Bazo bore the basket high on the return from the conflict. His bare-chested Matabele ran behind him, in that floating stylized gait, half dance, half trot, and they brandished their fighting sticks and sang the praise song which Kamuza had composed in Inkosikazi's honour: "See with your thousand eyes, Hold hard with many arms of steel, Kiss with your long red assegai, Taste the blood, is it not richer than the milk of Mzilikazi's herds?
Taste the blood, is it not sweeter than the wild honey in the comb?
Bayete! Bayete!
Royal greetings, Black Queen, Loyal greetings, Great Queen."
Ralph dearly wanted to run with them in that triumphant procession, but he knew what his father would say if he heard that his son had joined such a barbaric display through the dusty streets, past the very portals of the Kimberley Club where Zouga Ballantyne was almost certainly passing his Sunday afternoon.
Ralph followed them in a fashion that better suited Zouga's idea of how a young English gentleman should comport himself, but his cap was on the back of his head, his hands were thrust deeply into pockets jingling the gold coin, and there was a beatific grin on his face.
The smile broadened further as a familiar big-gutted figure rolled out through the doors of Diamond Lil's canteen.
"mister Ballantyne," bellowed Barry Lennox across the street. "mister Ballantyne, will you do me the very great honour of taking a glass with me?"
"Enchanted indeed, sir." Ralph felt cocky enough to reply facetiously, and Lennox guffawed and flung an arm around Ralph's shoulders and led him into the canteen.
Ralph looked about him quickly; it was the first time he had ever entered a place such as this. He hoped to see naked women dancing on the tables and gamblers in flowered waistcoats fanning open hands full of aces and kings and sweeping up pots of gold sovereigns.

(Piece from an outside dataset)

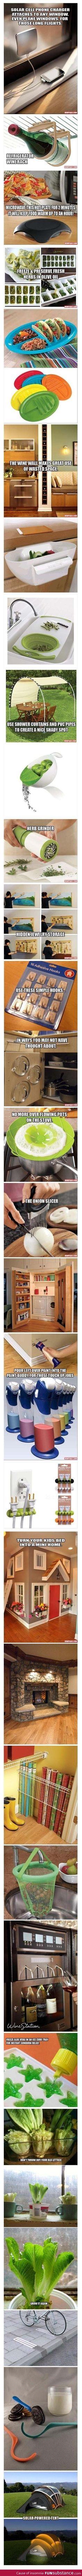 Amazing ideas of awesome

The only partially nude figure was that of Charlie, the undertaker, snoring on the sawdust floor with his shirt open to his hairy belly button; and the gamblers were all familiar faces, men beside whom Ralph worked every day on the stagings or in the pit. They were dressed in their work clothes and the cards were dog-eared and greasy and the pot was a small pile of copper and worn silver.
"Ralph," said one of them, looking up. "Your daddy know where you are?"

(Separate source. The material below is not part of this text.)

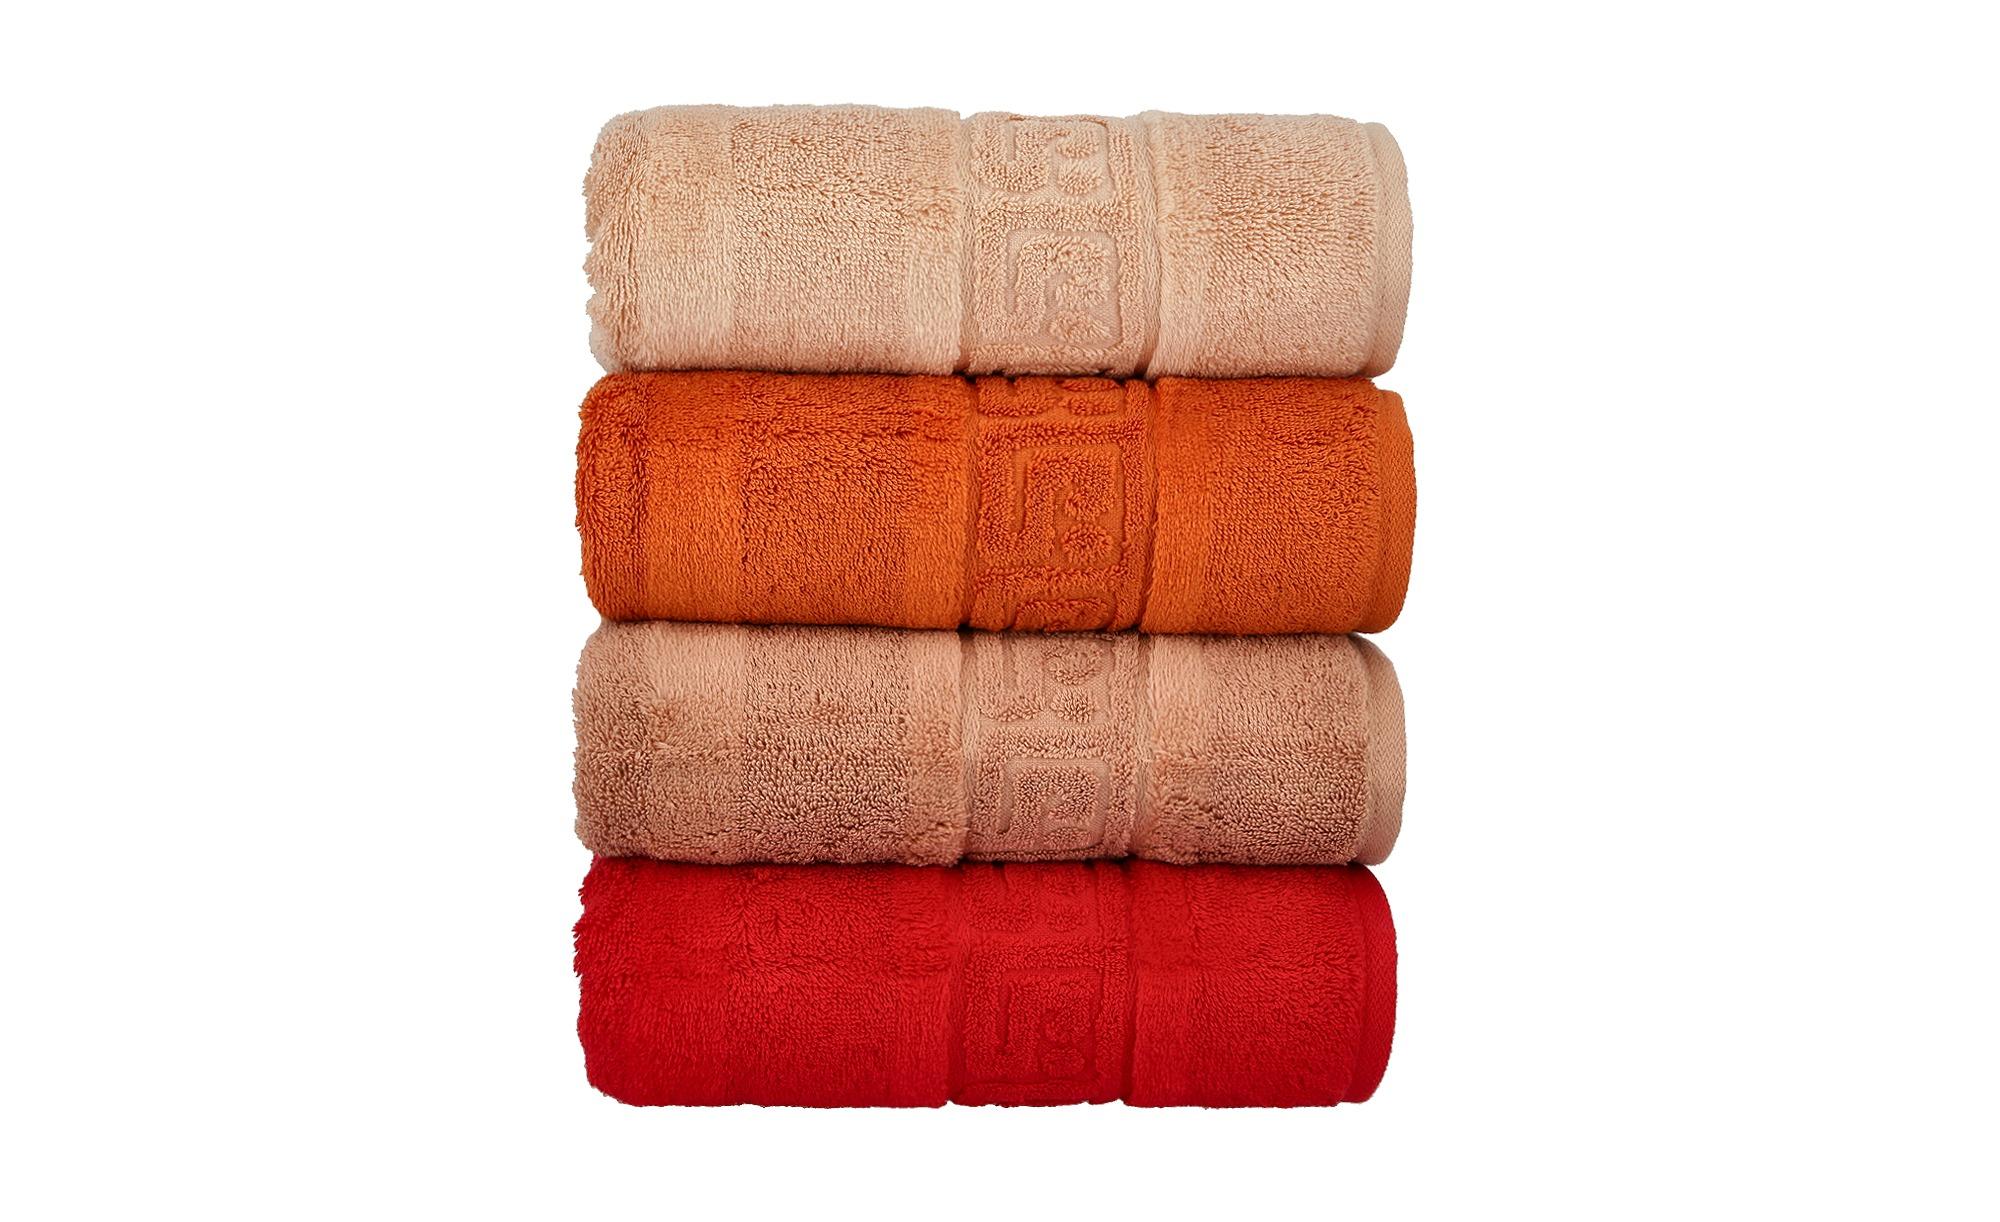 CaWö Duschtuch  1001 ¦ rosa/pink ¦ 100% Baumwolle ¦ Maße (cm): B: 80 Badtextilien und Zubehör > Handtücher & Badetücher > Duschtücher - Höffner

"Does yours?" Ralph shot back, the cockiness unabated.
"And do you know who he is?"
There was a hoot of laughter from the others, and the man grinned good-naturedly. "Damn me, but the boy has a sharp enough tongue."
"Give my sporting friend a beer," Lennox told the barman, and he looked dubious.
"How old is your sporting friend?"
"He will be forty years old on one of his future birthdays. However, sir, I consider that question to be a direct slur on my sporting friend's honour. I have broken jaws that asked less impertinent questions."
"Two beers coming up, mister Lennox."
Barry Lennox and Ralph saluted each other with the schooners, and Lennox gave them a toast.
"To a lady of our mutual acquaintance, bless her bright eyes and all her lovely legs."
The beer was faintly warm and tasted like soap and quinine, but Ralph forced down a mouthful and smacked his lips appreciatively. He would have much preferred a cool green bottle of ginger beer with a pop up marble in the neck.
"Cigar?" Lennox opened his silver case, and Ralph hesitated only a moment, then selected one of the thick Havanas and bit off the end in a faithful imitation of Zouga Ballantyne.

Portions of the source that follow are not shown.